I had things to contribute to Brandy’s conversation but flushed furiously whenever she touched me, which happened quite a bit. She was one of those girls who uses her hands to tells stories and loved to grab a shoulder to emphasize a point. I couldn’t help the blushing; I was a nerd at heart. That was never going to change.
“So, do you live in Washington?” Brandy asked me.
“No, my father does, I’m visiting.”
“Oh, do you go to college?”
“No, I’m a… I go to high school.” I smirked. Brandy’s mouth dropped open and she grabbed onto my forearm. Which made me blush.
“How old are you?”
“Eighteen.”
“Oh my gosh, I thought I was about to go to jail!” She fanned herself with her magazine in mock relief. I started laughing, even though I was mortified.

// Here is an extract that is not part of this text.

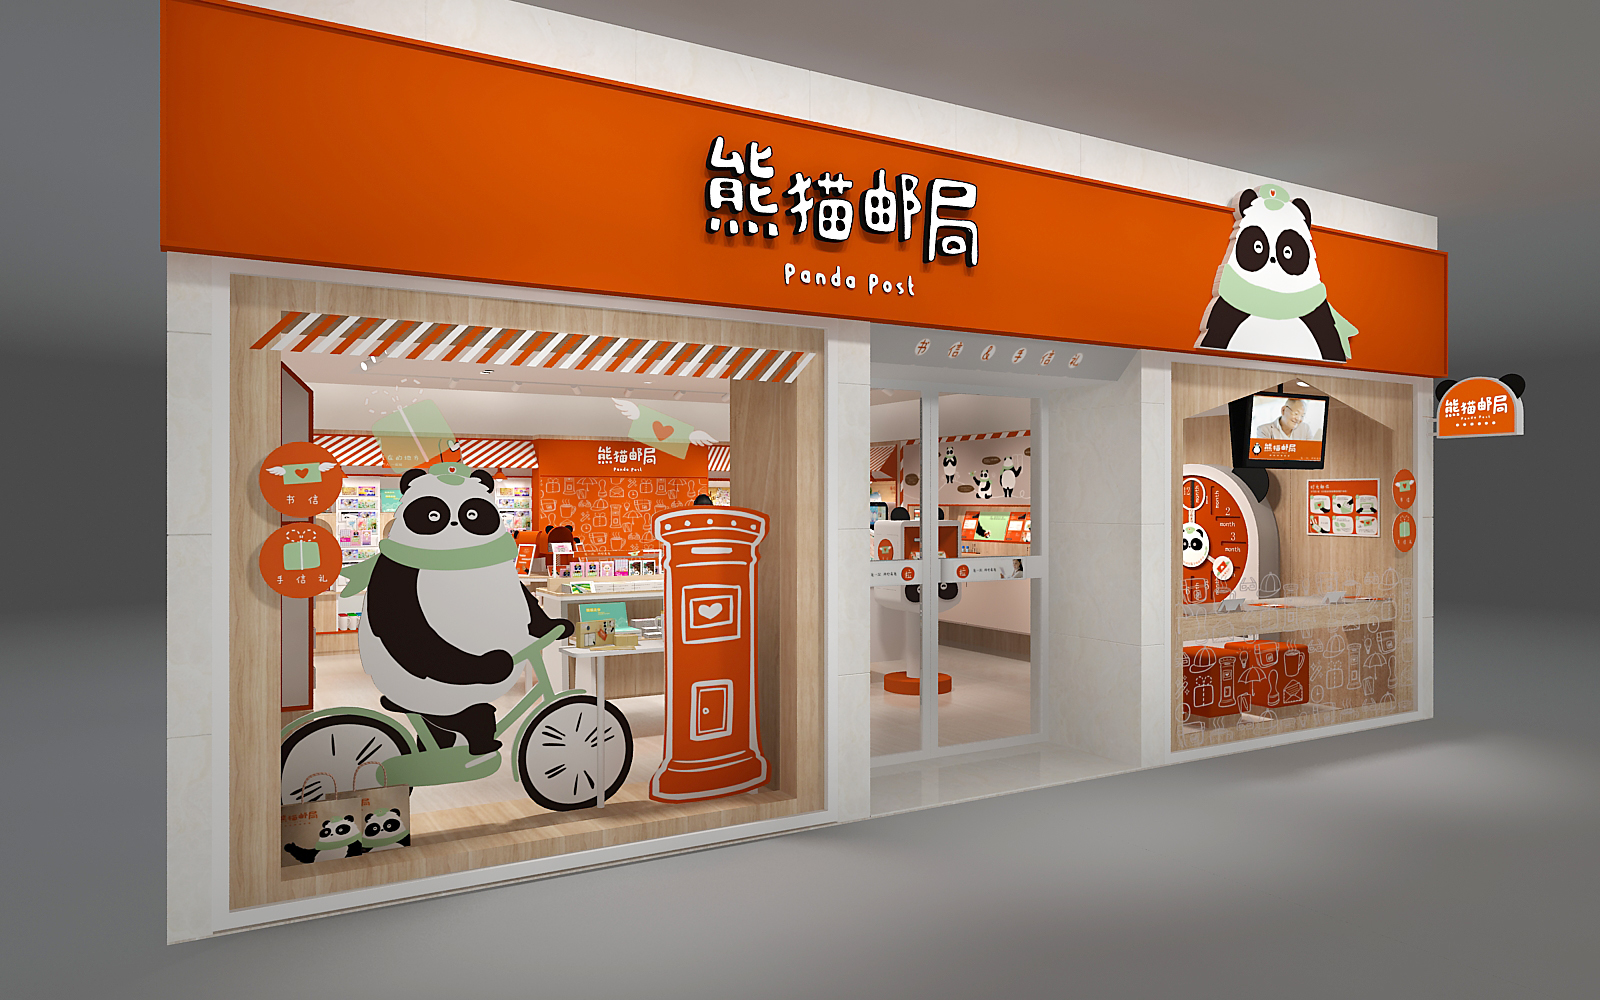 文创品牌设计 | 熊猫邮局,让中国邮政焕发新活力

In a good way. I put my hands at my temples and pulled the hair back, and let it hang in front of my face as it fell back. This was my new hair pat. The new haircut hadn’t really cured me.
“You’re cute.” She laughed and elbowed me.
“Thanks.” I shook my head and chuckled.
“So, do you have a girlfriend?” She was trying to keep a conversation going, even after my awkward reaction to her obvious flattery.
“Um…. I used to.” I wasn’t sure how to talk about this.
“Did you recently break up?” I could tell she was trying to not look too pleased. Which was kind of funny, actually. As if Brandy a
nd I were about to start a beautiful life together and the only thing keeping us apart was my potential girlfriend. Not the hundreds or thousands of miles that probably separated us.
“About six months ago.” I felt sadness spread across my face. Brandy looked understandingly at me and smiled. She didn’t bring that up anymore and stopped teasing me about how old I was. I could see that she was making a conscious effort not to act as flirtatious. I had a glimmer of hope that maybe girls learned to control their charms as they got older. It was an encouraging thought.
We started to head through the cloud cover back toward the ground. The speaker crackled on and my heart leaped into my throat.
“Ladies and gentlemen we’ve begun our final descent. Flight attendants will be around for one final check. Please stow away all loose items, turn off all electronic devices, place your tray tables are in their upright and locked positions, and ensure your seatbelt is securely fastened. We’ll be on the ground in Arlington in twenty minutes.”
He would be there, at the airport, waiting for me. I couldn’t believe I was going to meet my birthfather in twenty minutes. My mind was racing. My feet couldn’t stop bouncing up and down. The college kid look was out the window. I was acting like a five-year-old on Christmas morning. I had a fleeting thought that Anthony was going to be disappointed when he saw me, but I shook it off as I remembered how much he had done for me already, when he never had to. After we landed Brandy reached over and hugged me.